Quote every line below exactly and skip any picture.

Source data>
==========

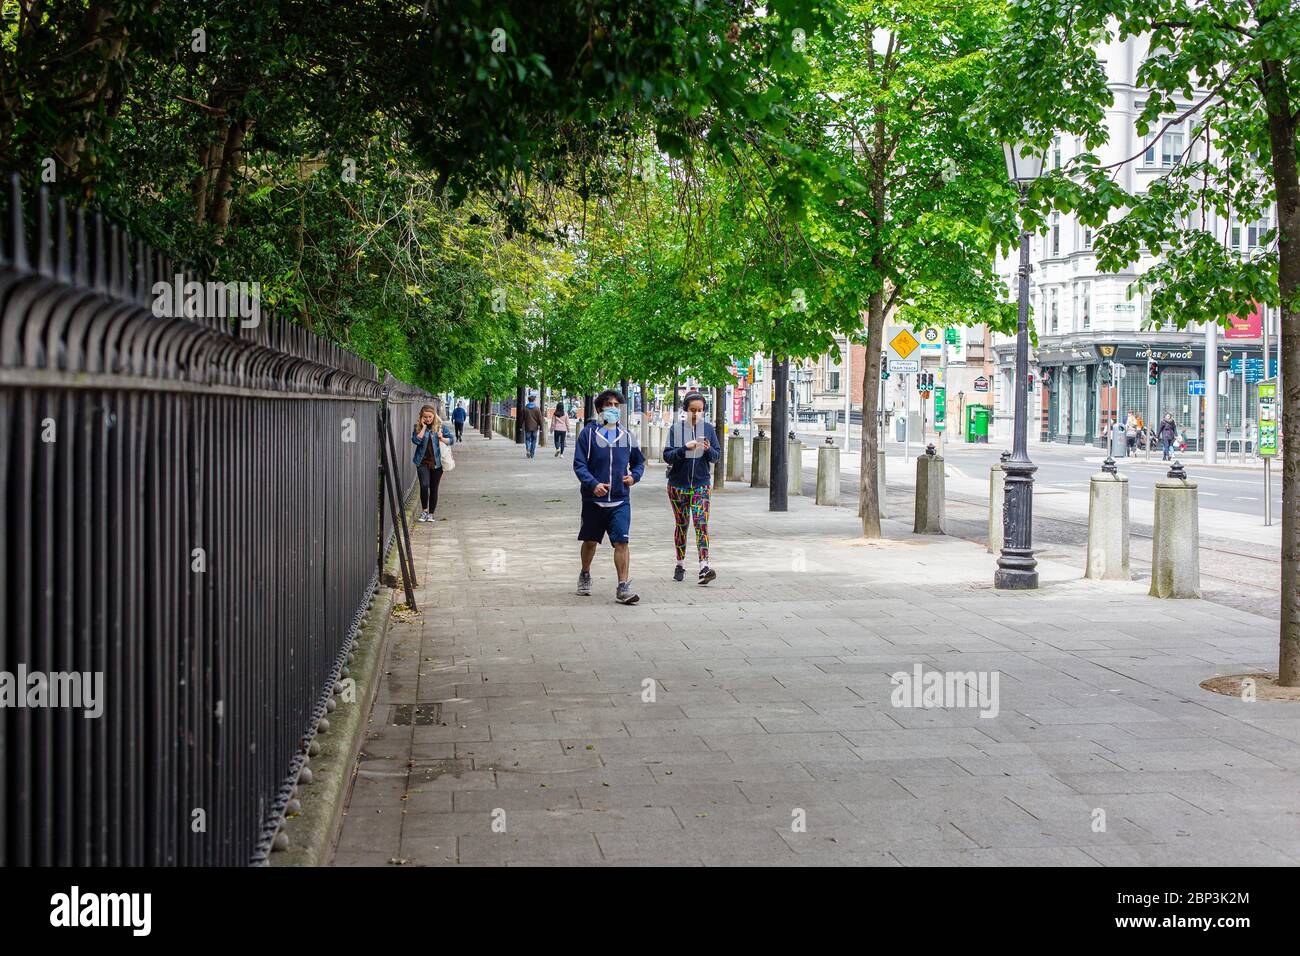 Fußgänger, die in Dublin mit Gesichtsmasken spazieren und die soziale Distanzierungsregel einhalten, indem sie im Freien in öffentlichen Bereichen Sicherheitsabstand einhalten. Stockfoto
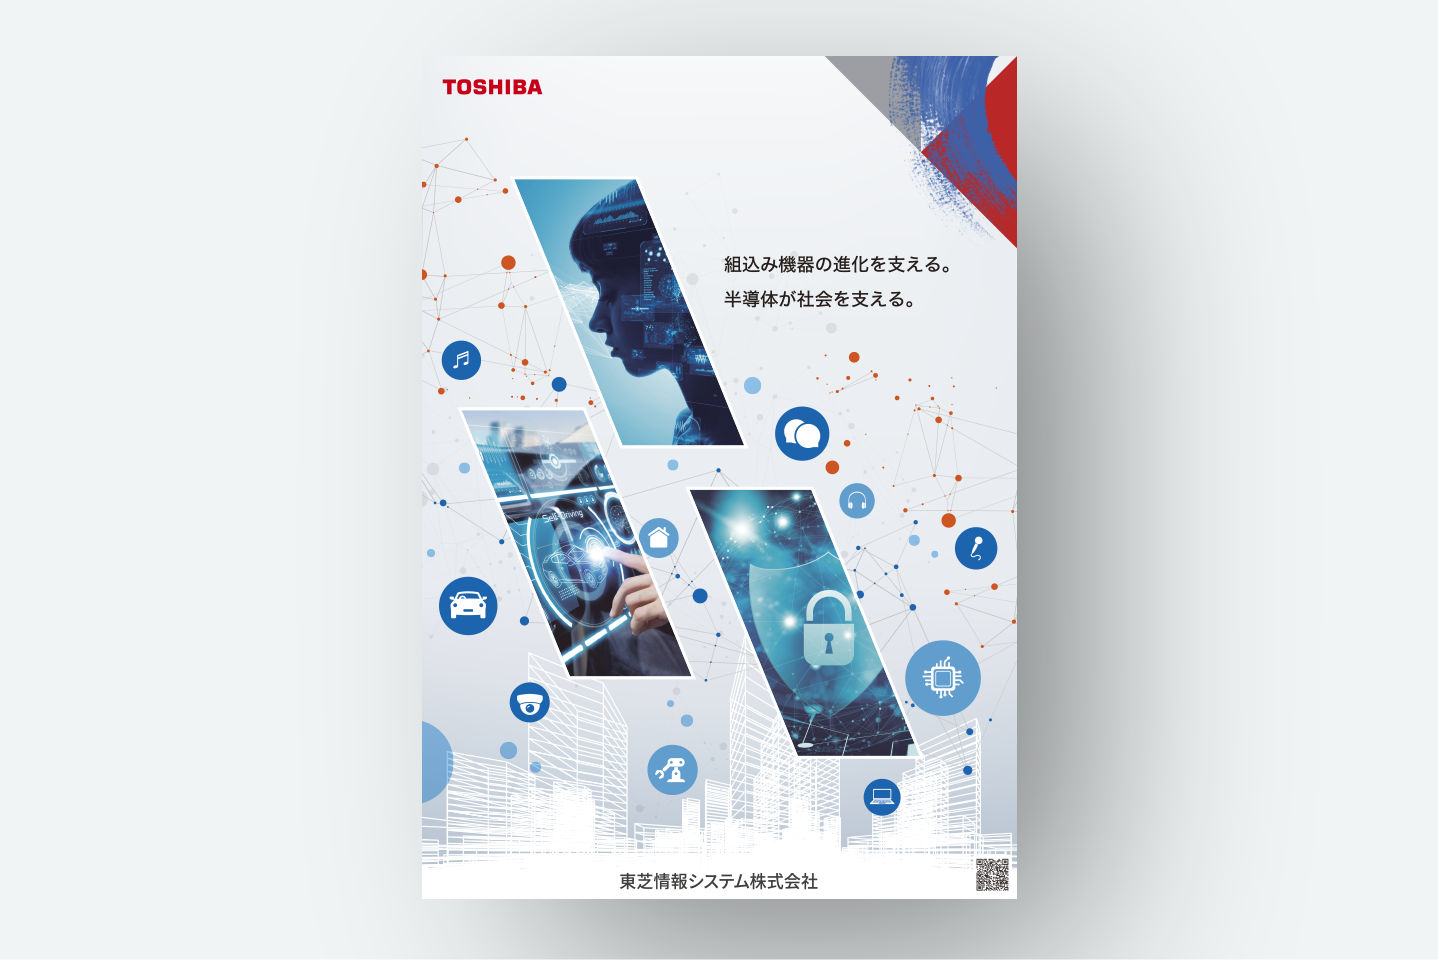 東芝情報システムコーポレートイメージポスター
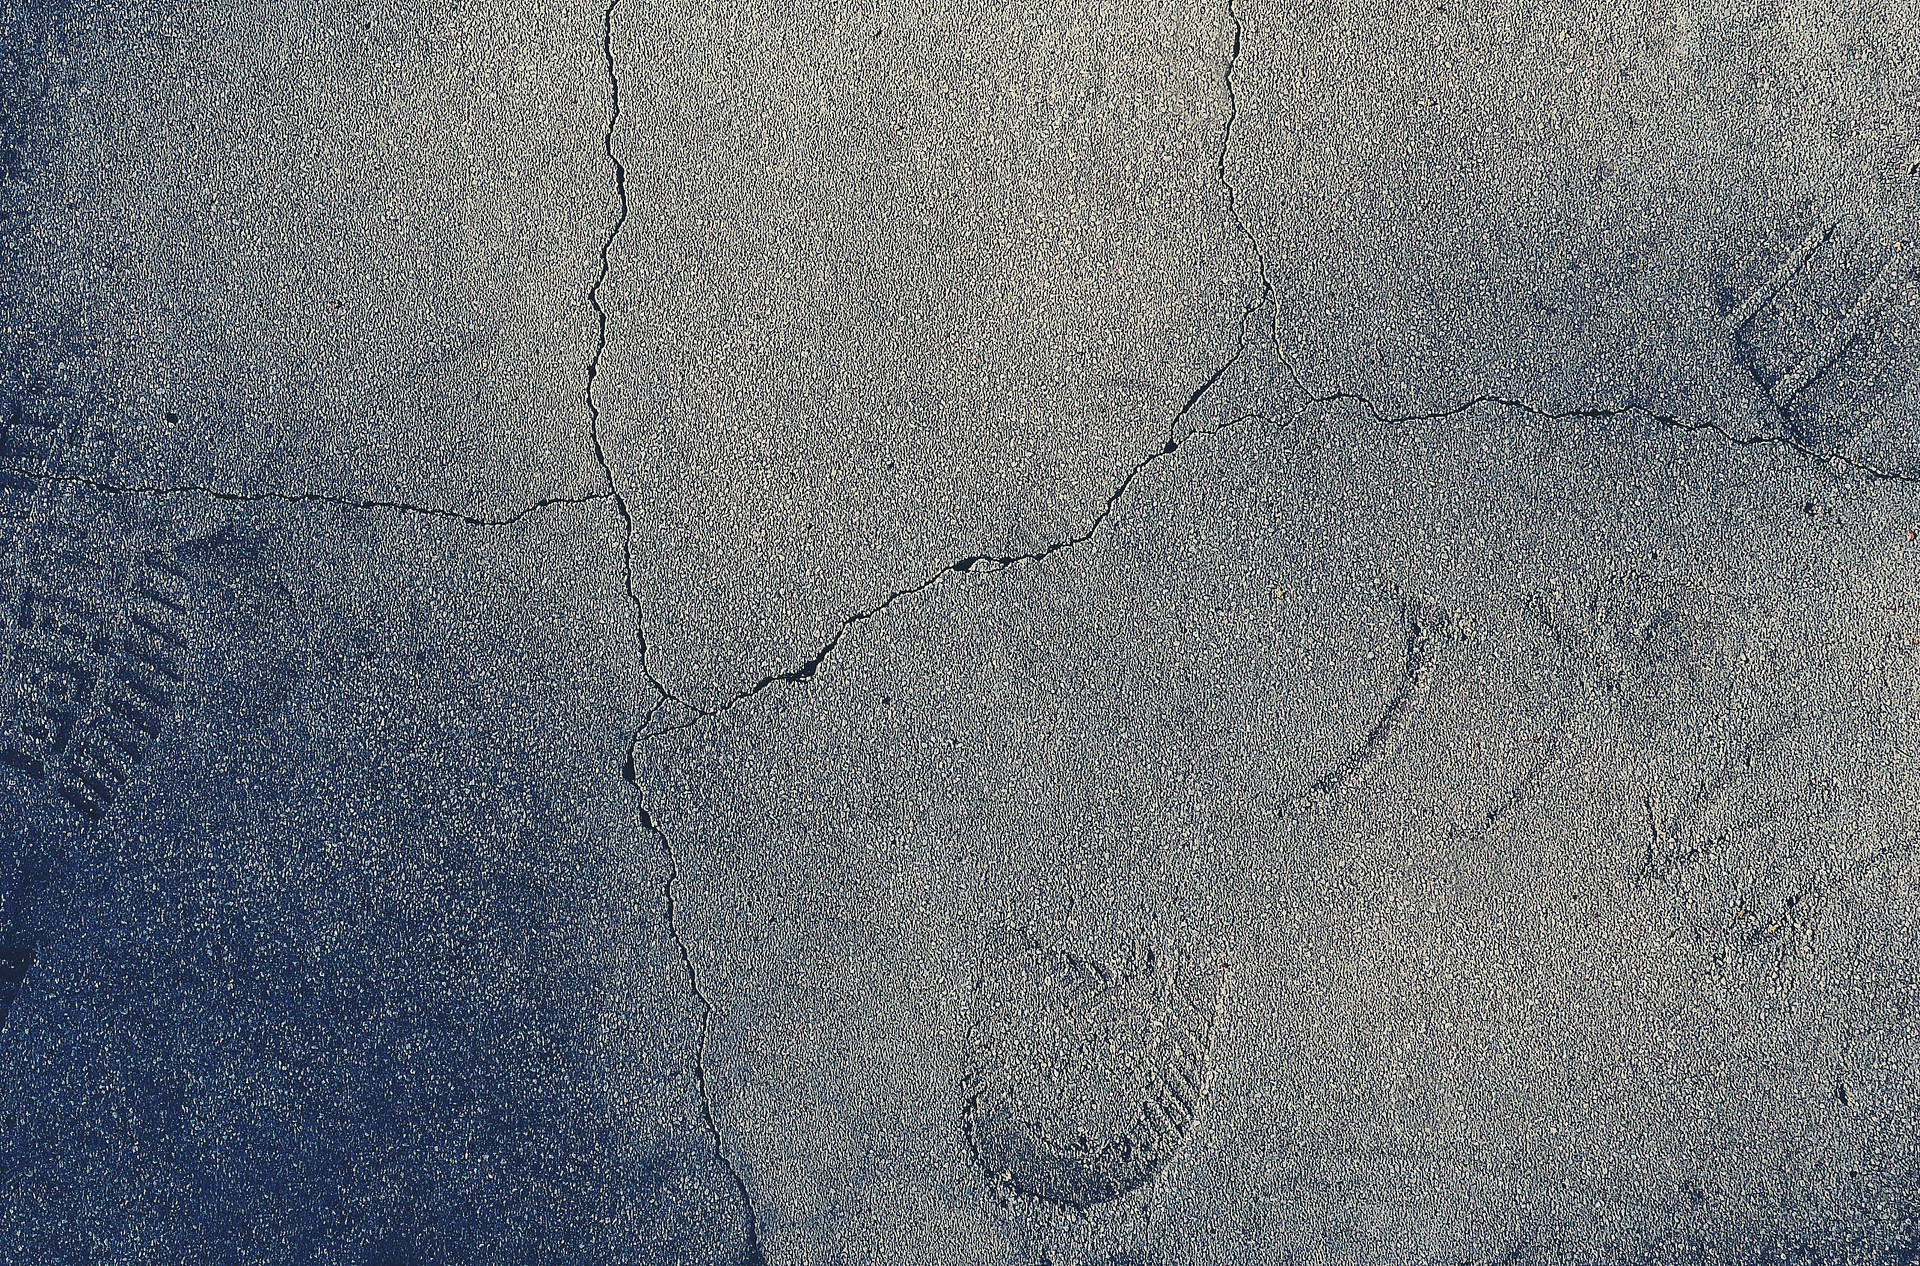 Concrete Texture Footprints On Cement Wallpaper

==========

Solution for this problem>
 Fußgänger, die in Dublin mit Gesichtsmasken spazieren und die soziale Distanzierungsregel einhalten, indem sie im Freien in öffentlichen Bereichen Sicherheitsabstand einhalten. Stockfoto
 東芝情報システムコーポレートイメージポスター
 Concrete Texture Footprints On Cement Wallpaper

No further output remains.